We launched and managed the Global Action Plan, which brought together dozens of countries to take action, to strengthen health care systems, to fight misinformation and disinformation.

We have also taken steps to ensure that the world is better prepared to prevent, detect, and respond to future outbreaks. We worked with the G20 to create a new World Bank fund to help countries strengthen their pandemic preparedness. We will train 500,000 health workers over the next five years across our own hemisphere in Latin America. We will invest $4 billion in health workers in Africa by 2025.

On climate, we have leveraged historic investments at home and abroad to accelerate the clean energy transition and adapt to the effects of a warming climate. This is not only our responsibility; we also see it as a once-in-a-generation opportunity to create good-paying jobs for Americans.

We forge new regional partnerships to make our economies more resilient, more sustainable, more prosperous, more inclusive – including the Indo-Pacific Economic Framework for Prosperity, whose members represent 40 percent of global GDP, and the Partnership of the Americas for Economic Prosperity.

Together with the G7, we launched the $600 billion Partnership for Global Infrastructure and Investment, or PGII, to develop a transparent, high-standard alternative for infrastructure investment in low- and middle-income countries.

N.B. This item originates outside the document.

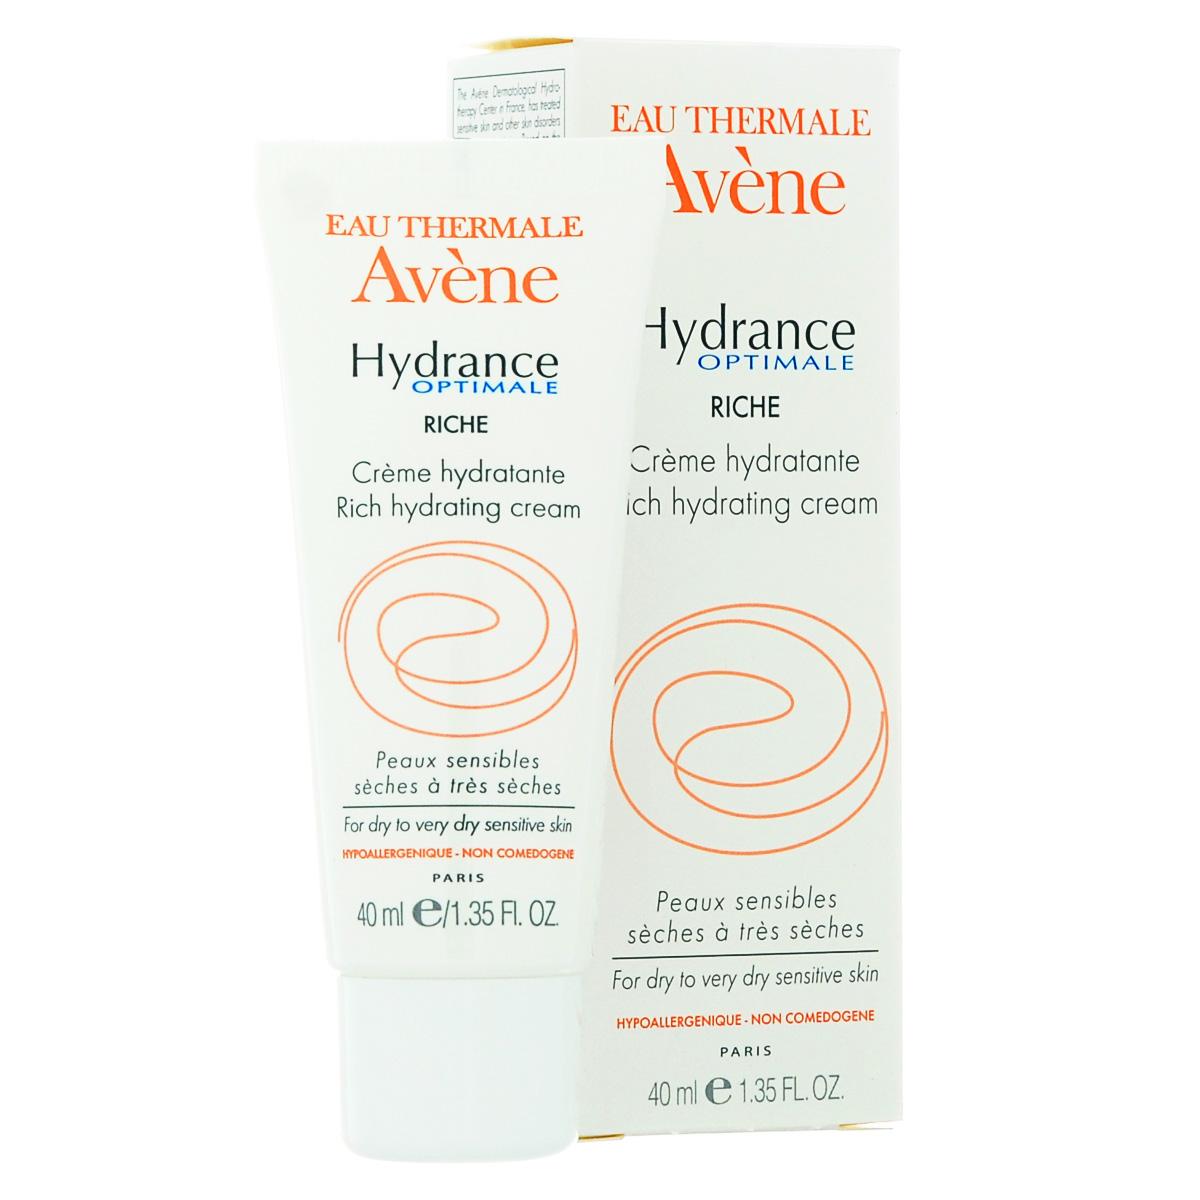 Avene Крем увлажняющий Hydrance ОПТИМАЛЬ РИШ для сухой кожи лица 40мл
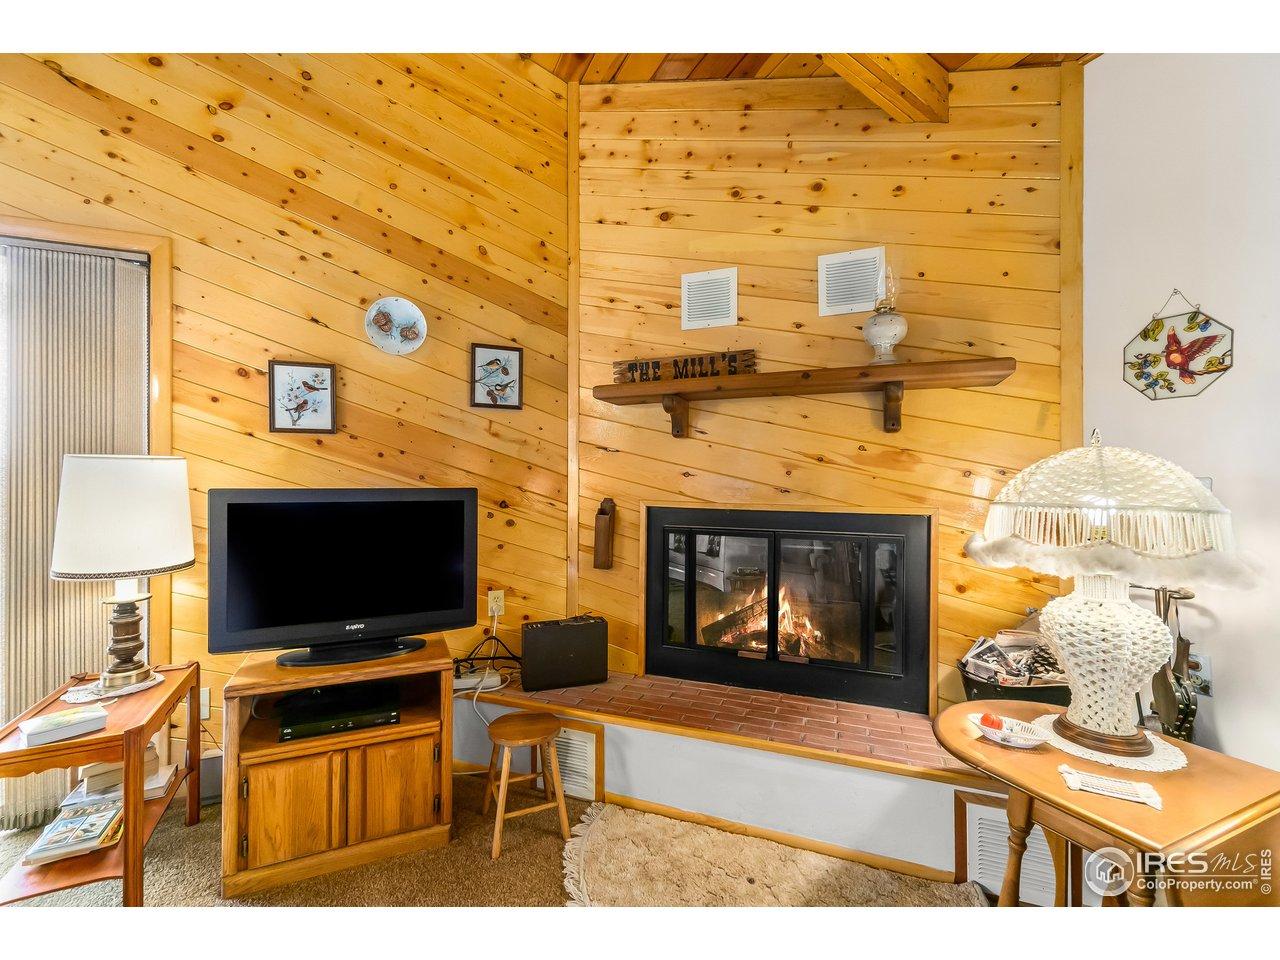 Satellite TV service available Wood burning fireplace

Fourth, we used the power of American diplomacy to advance peace and prevent and mitigate conflict. Together with my counterparts from Israel, Morocco, Bahrain, the United Arab Emirates, and Egypt, I took part in the historic Negev Summit to advance integration and normalization in the Middle East .

We have brokered a historic agreement between Israel and Lebanon to resolve their long-standing maritime boundary dispute. We supported African-led talks that led to the cessation of hostilities between Ethiopia and Tigrayan forces. We helped reach a framework agreement to put Sudan back on the path to a civilian-led democracy. We helped secure – and later extend – a truce in the Yemen conflict.

And we brought home Americans unjustly detained by Russia, Iran, Venezuela, Burma, Afghanistan, Haiti, and other countries. We will continue to work every day to bring home wrongfully detained Americans around the world, while taking steps to deter and prevent this despicable practice going forward.

As we look ahead to 2023, we will continue to use all of our diplomatic tools to advance these priorities, and many others – including maintaining our commitment to the people of Afghanistan, particularly those who have supported the US mission there over 20 years, as well as standing up for the rights of women and girls.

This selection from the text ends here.